Pero hay tantas historias que contar: La
colorada María, la almacenera que maneja la mejor información
barrial, su hijo Miguel, un gordo tuerca
que hace dos años está arreglando un viejo Chevrolet cupé y que
el domingo pasado pudo hacer arrancar el motor por primera vez; y Juliana,
la nena-enjaulada que vive dando vuelta la esquina y que se muere de
ganas de traspasar la reja para que los hombres al fin le empiecen a
decir “cosas”; y el borrachín Tomás,
que desde que quedó solo hospeda a los famosos chicos
que se juntan en la esquina y hacen fogatas en la calle (el
invierno pasado se les fue la mano y la hicieron dentro de la casa=
bomberos a las cinco de la mañana) y se embriaga con ellos; y Tito,
el tullido que
pide monedas en la zona de Luro y Catamarca y su mujer, Rosa,
deficiente mental que cuando las cosas no anduvieron bien en el
centro sale a chuparla por 5 $; y los Bauzada,
tres generaciones de Policías que si el viejo Bauzada se levantara
de su tumba se moriría de nuevo al ver en que se convirtió aquello
del honor y el orgullo de estar del lado de ley; y Coco,
el santiagueño dueño
de la rotisería-pantalla que encubre al único Estadio de
Gallos de Riña de la ciudad.
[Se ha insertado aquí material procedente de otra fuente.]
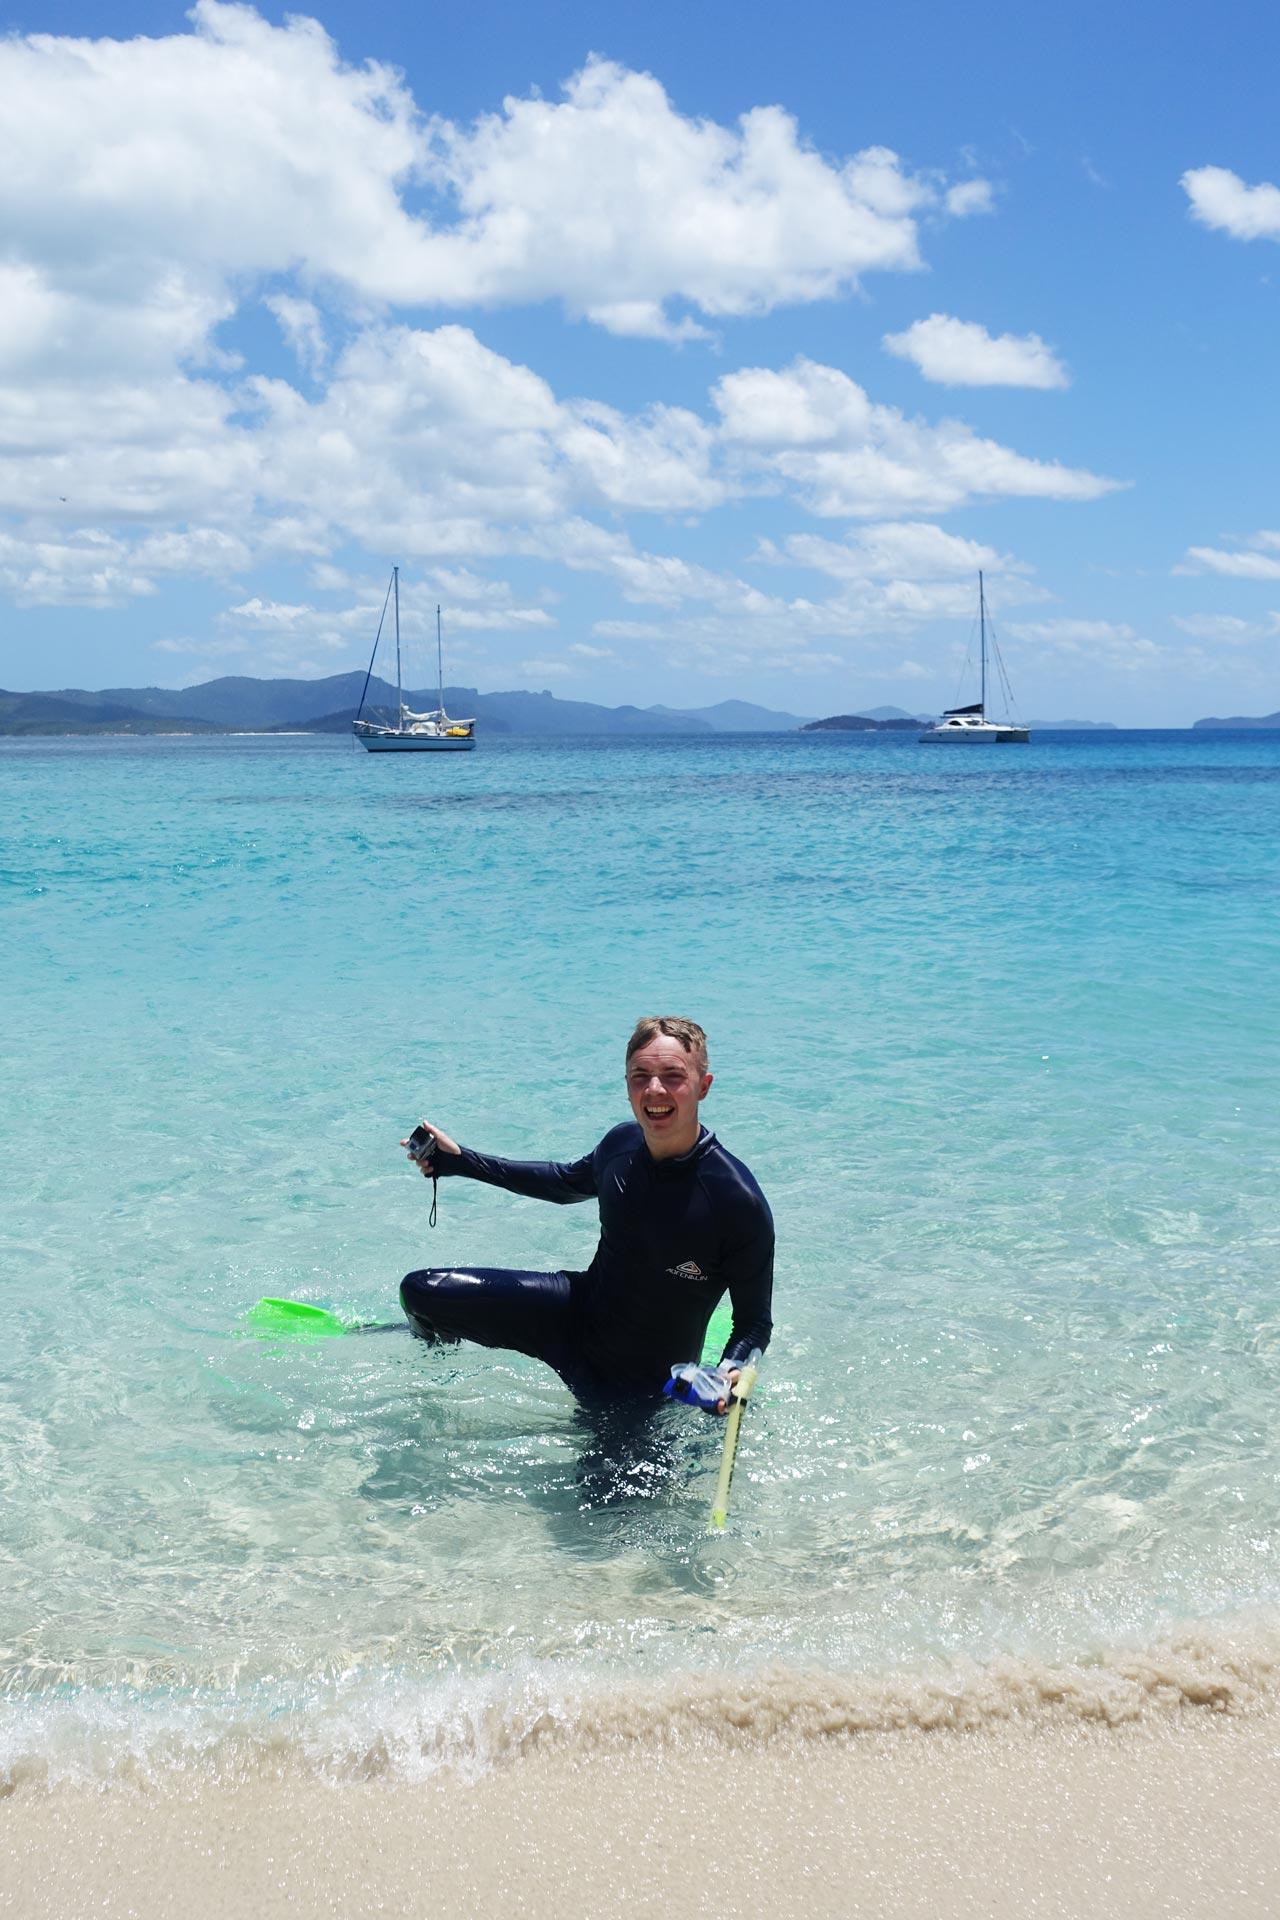 Mattias snorkelling at Chalkies Beach
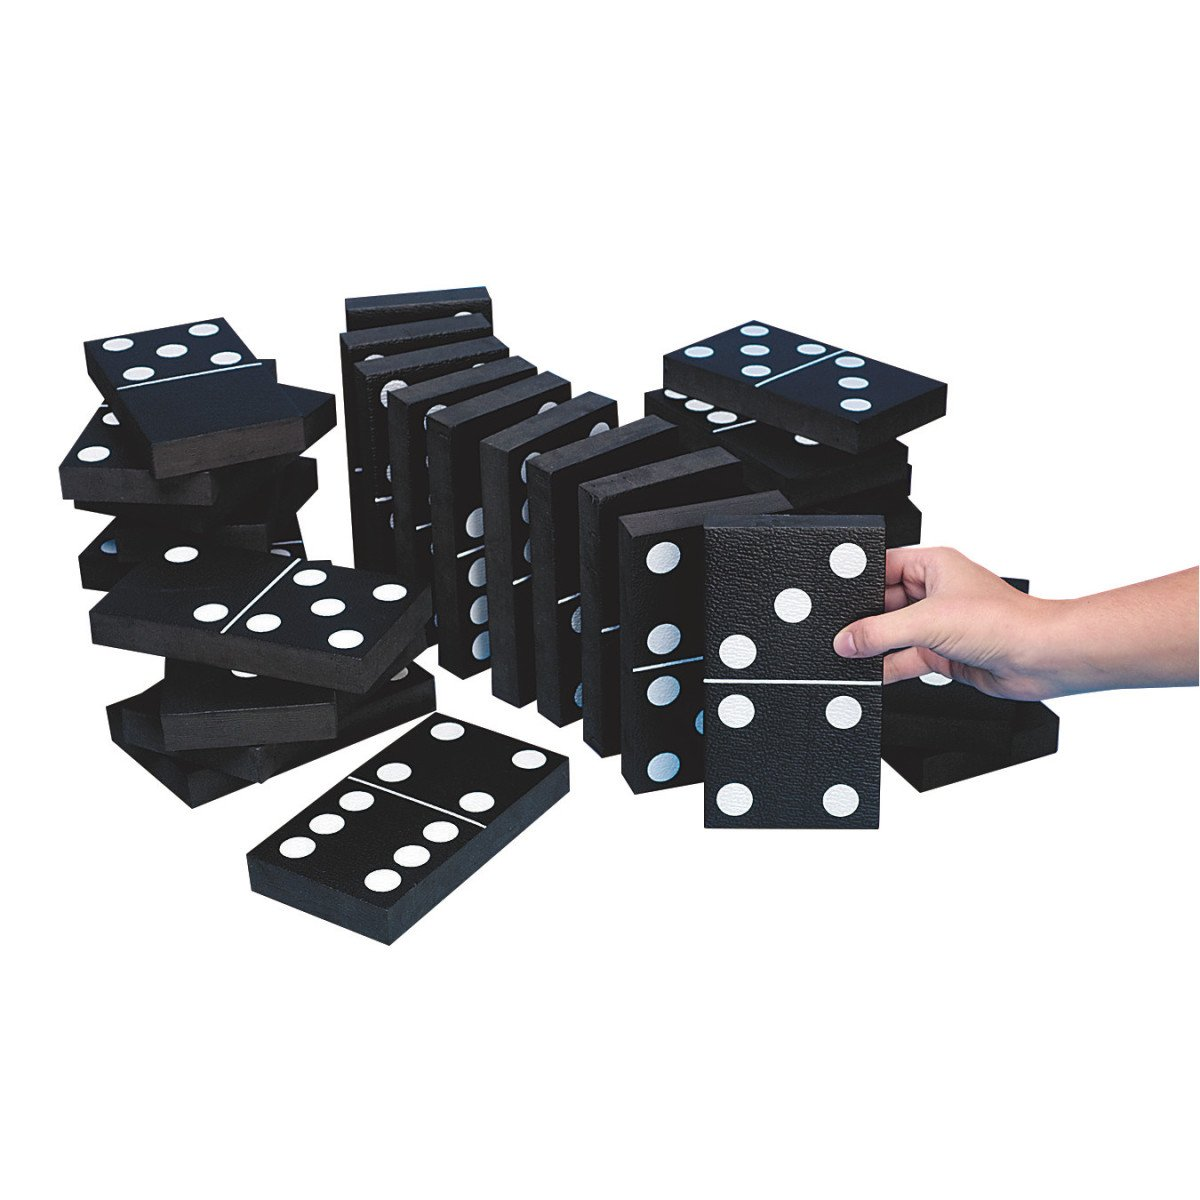 Jumbo Foam Dominoes Dominoes Dominoes by S&S Worldwide a60b67

Una vez fui y aposté y perdí... pero
gané: imaginen un galpón oscuro con una única luz central, vean
las gradas llenas de gente borracha y fea gritando e insultando,
observen las hojitas de afeitar atadas a las patas de los gallos,
sientan el olor de la sangre y del sudor humano mezclándose,
confundiéndose, siendo uno sólo, sientan, escuchen los corazones
humanos descendiendo a su condición primaria y escuchen bien,
porque ese es el latido que duerme en el interior de nuestros
corazones. Esa fue una gran lección para mí: entendí la máscara
de la pobreza y de la riqueza;
entendí que uno puede tener 50 ctvs o un millón de dólares y ser
lo mismo; entendí que a partir de cierto punto estar en Las Vegas,
en el Luna Park o en el Estadio de Coco es igual. Y con esto quiero
decir que entendí que todo (la Belleza y el Horror) está ahí
afuera, esperándonos como un piano imposible para que le
arranquemos su música. Porque de eso se trata. Anoche subí al
techo de mi casa y durante un buen rato miré las letras de neón
del edificio HAVANNA. Los helicópteros de la policía sobrevolaban
el barrio con su rayo de luz buscando delincuentes y yo miraba
toda la ciudad desde el lugar más alto que había podido alcanzar.
Desde ahí yo escuchaba toda la hermosa- horrible música que
el universo tenía para darme.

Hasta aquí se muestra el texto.